At first glance, this might appear to be a typical dispute between local communities and developers over density. But the reasoning behind the request reveals a much deeper structural issue affecting housebuilding across the UK.

The Viability Trap
Developers told planning inspectors that the scheme must increase in size simply to cover its costs.
Infrastructure requirements alone can be significant. In this case, a new access road into the site would need to be constructed — an expensive undertaking that must be funded by the housing development itself.

At the same time, housing developments are expected to contribute financially to community infrastructure. For the Tibberton scheme, potential contributions include:

  • Contributions to local schools

  • Other community benefits linked to the development

The developer indicated that without increasing the number of homes, the project simply cannot generate enough value to cover these obligations while remaining commercially viable.
This is not an isolated scenario. It reflects a broader reality facing many housebuilders.

Rising Costs Across the Sector

In recent years, developers have been squeezed from multiple directions:

  1. Infrastructure obligations

    Road improvements, drainage, utilities upgrades, and environmental mitigation are increasingly required as part of planning approval.
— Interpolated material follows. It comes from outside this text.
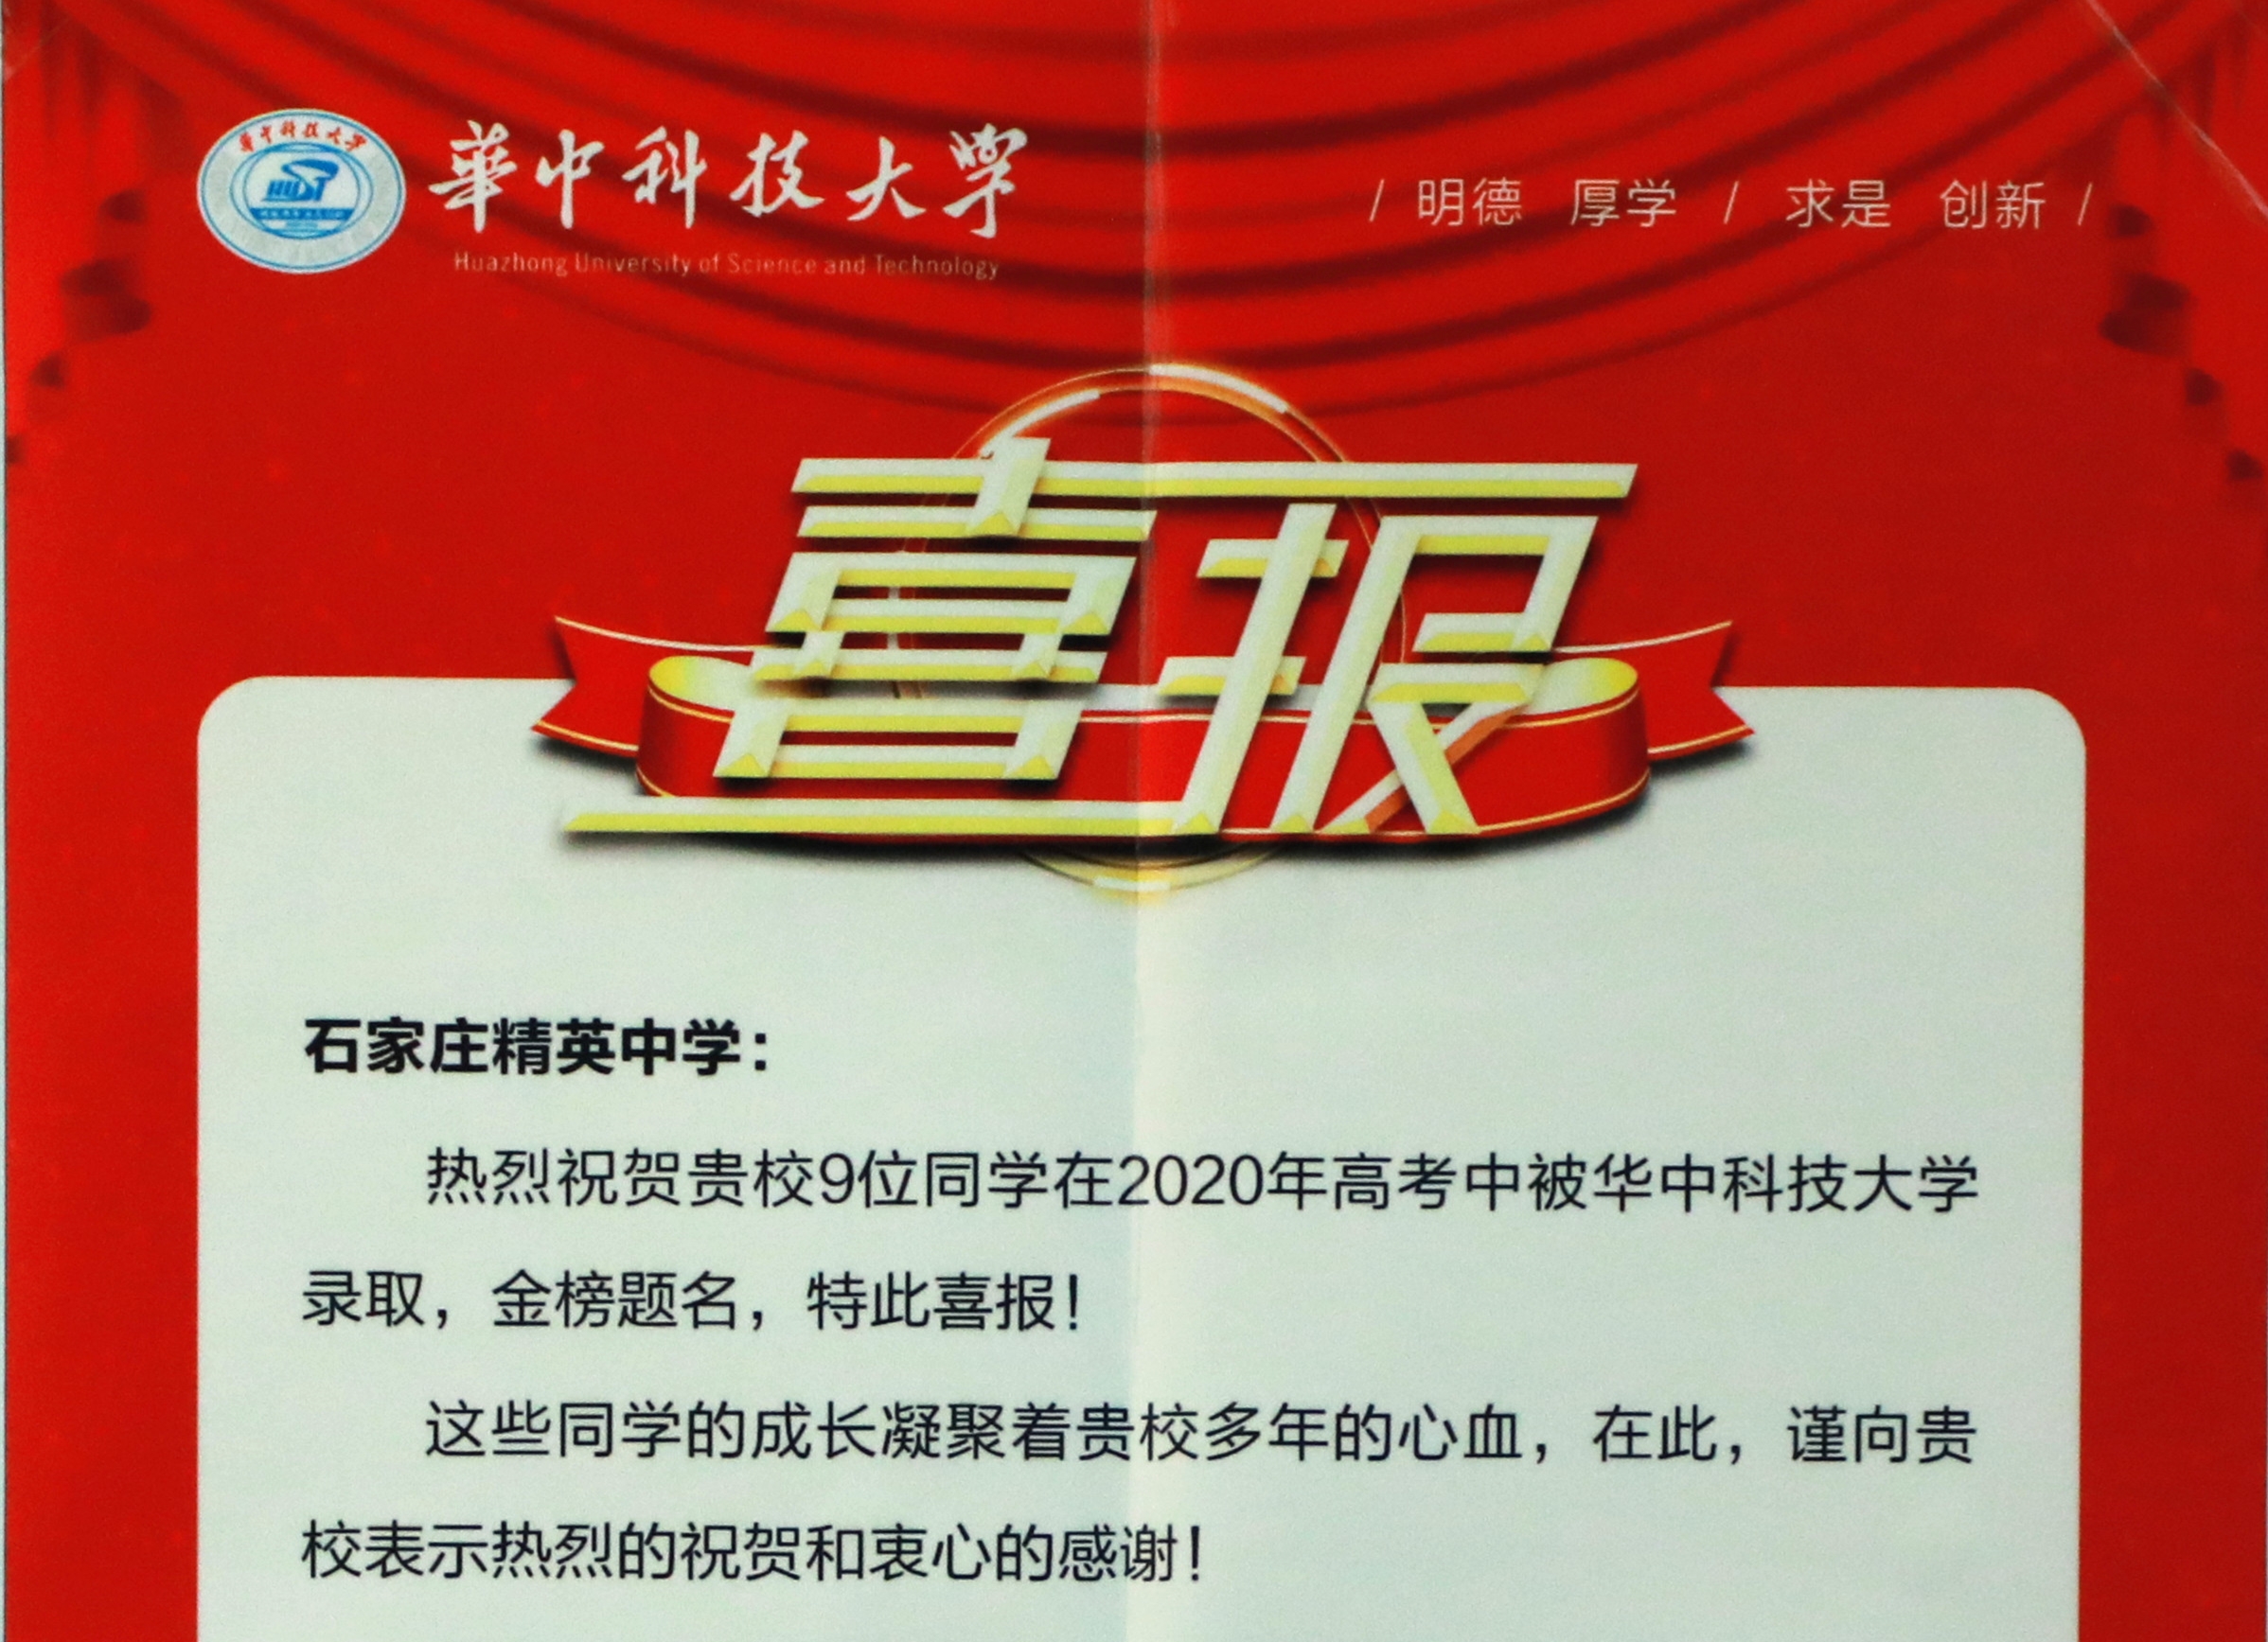 华中科技大学向带泛亚电竞网站发来喜报

  2. Regulatory requirements
    Energy efficiency standards, biodiversity net gain, affordable housing quotas, and planning contributions all add cost layers before a brick is laid.
Each of these policies has a legitimate purpose. But combined, they can push schemes to the edge of financial viability — particularly on smaller or rural sites.

Density vs Deliverability
Local plans frequently attempt to limit the scale of development to preserve village character. Yet low-density allocations often struggle to absorb the fixed costs associated with modern housebuilding.
The Tibberton proposal illustrates this tension clearly.
The site was allocated for 25 homes in the plan, but the developer argues that such a small scheme cannot deliver both housing and community contributions. Increasing the number of homes, they say, is the only way to unlock the site.
In other words, a lower-density scheme may appear more palatable on paper — but it risks never being built at all.

The Paradox of the Housing Crisis
The UK faces a well-documented shortage of homes. Government targets call for hundreds of thousands of new properties each year. Local authorities are under pressure to maintain a five-year housing land supply, and many struggle to do so.
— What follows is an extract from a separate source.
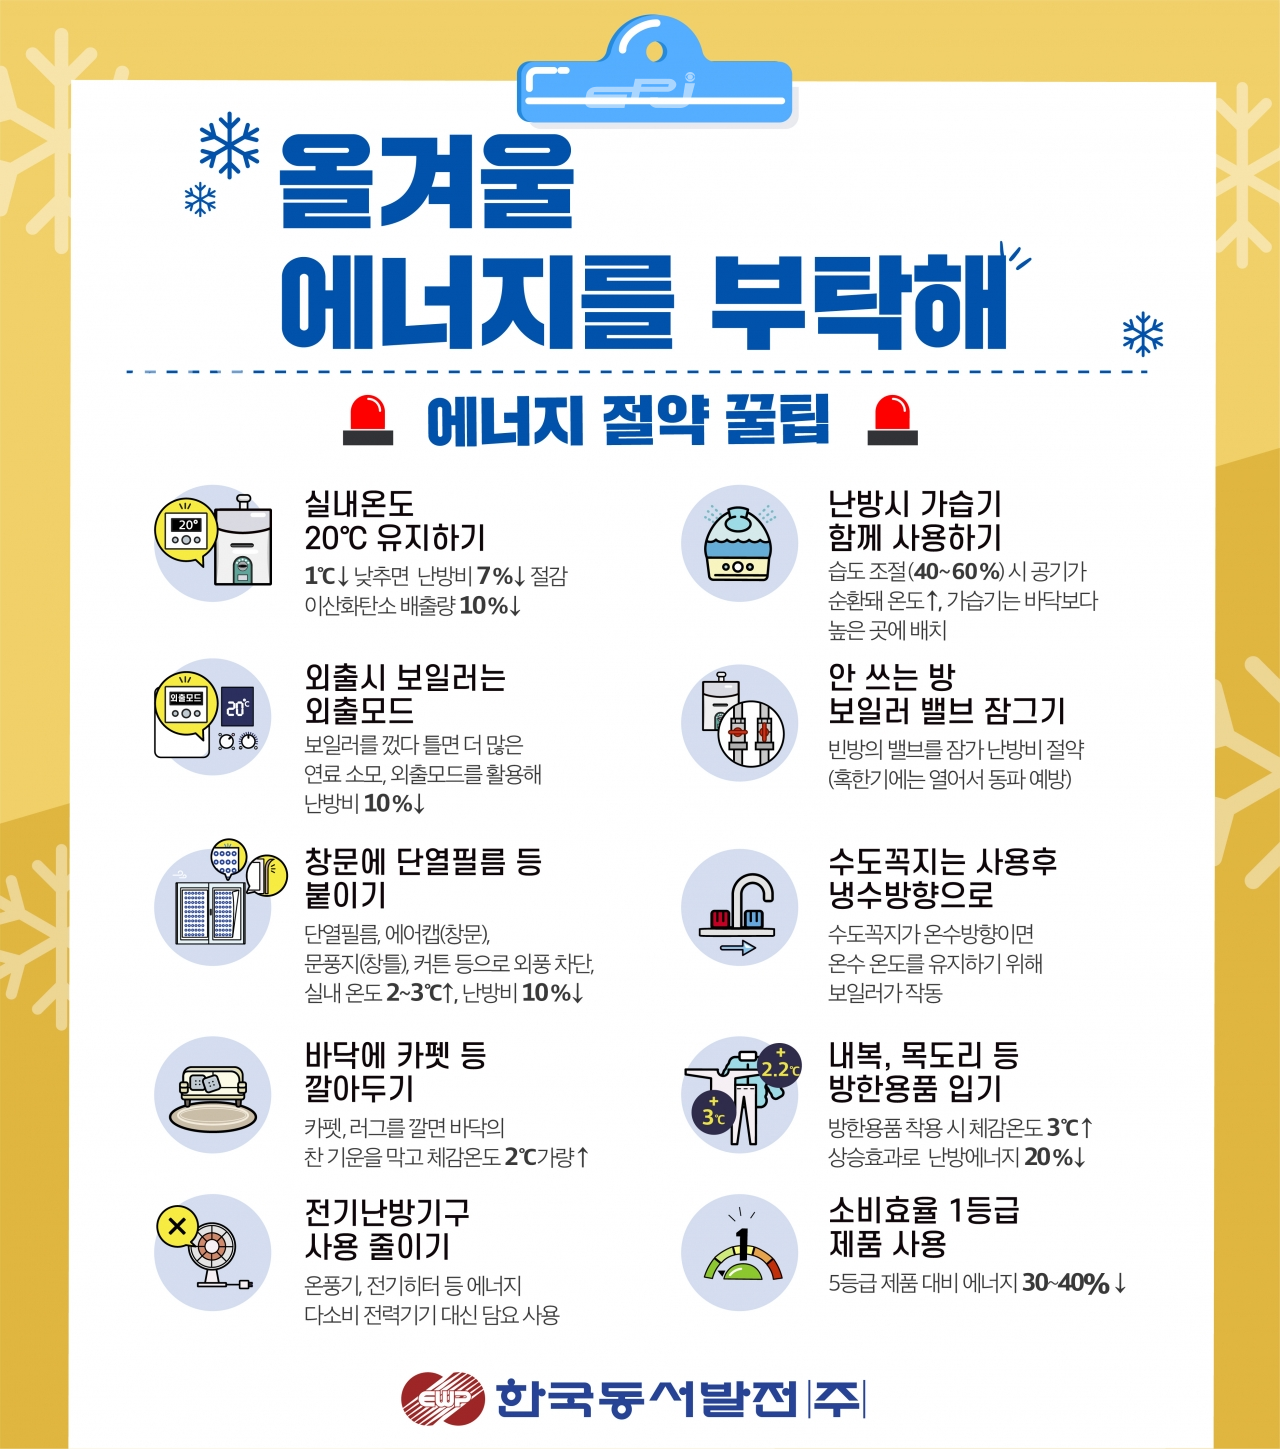 한국동서발전이 제작한 겨울철 에너지절약 캠페인 포스터

Yet delivering those homes requires navigating a planning system where:

  • Development costs are escalating
  • Regulations and infrastructure demands continue to grow
The result is a paradox: everyone agrees more homes are needed, but the conditions for building them become increasingly complex.
A Delicate Balance
The Tibberton debate is ultimately about more than a single rural development. It reflects a national challenge.

Policymakers must balance:

  • ensuring infrastructure is funded
  • maintaining high environmental and building standards
  • while still allowing projects to remain financially viable
Without that balance, housing allocations risk becoming theoretical rather than deliverable.
And in a country facing a chronic housing shortage, the cost of that gap is felt far beyond the boundaries of any one village.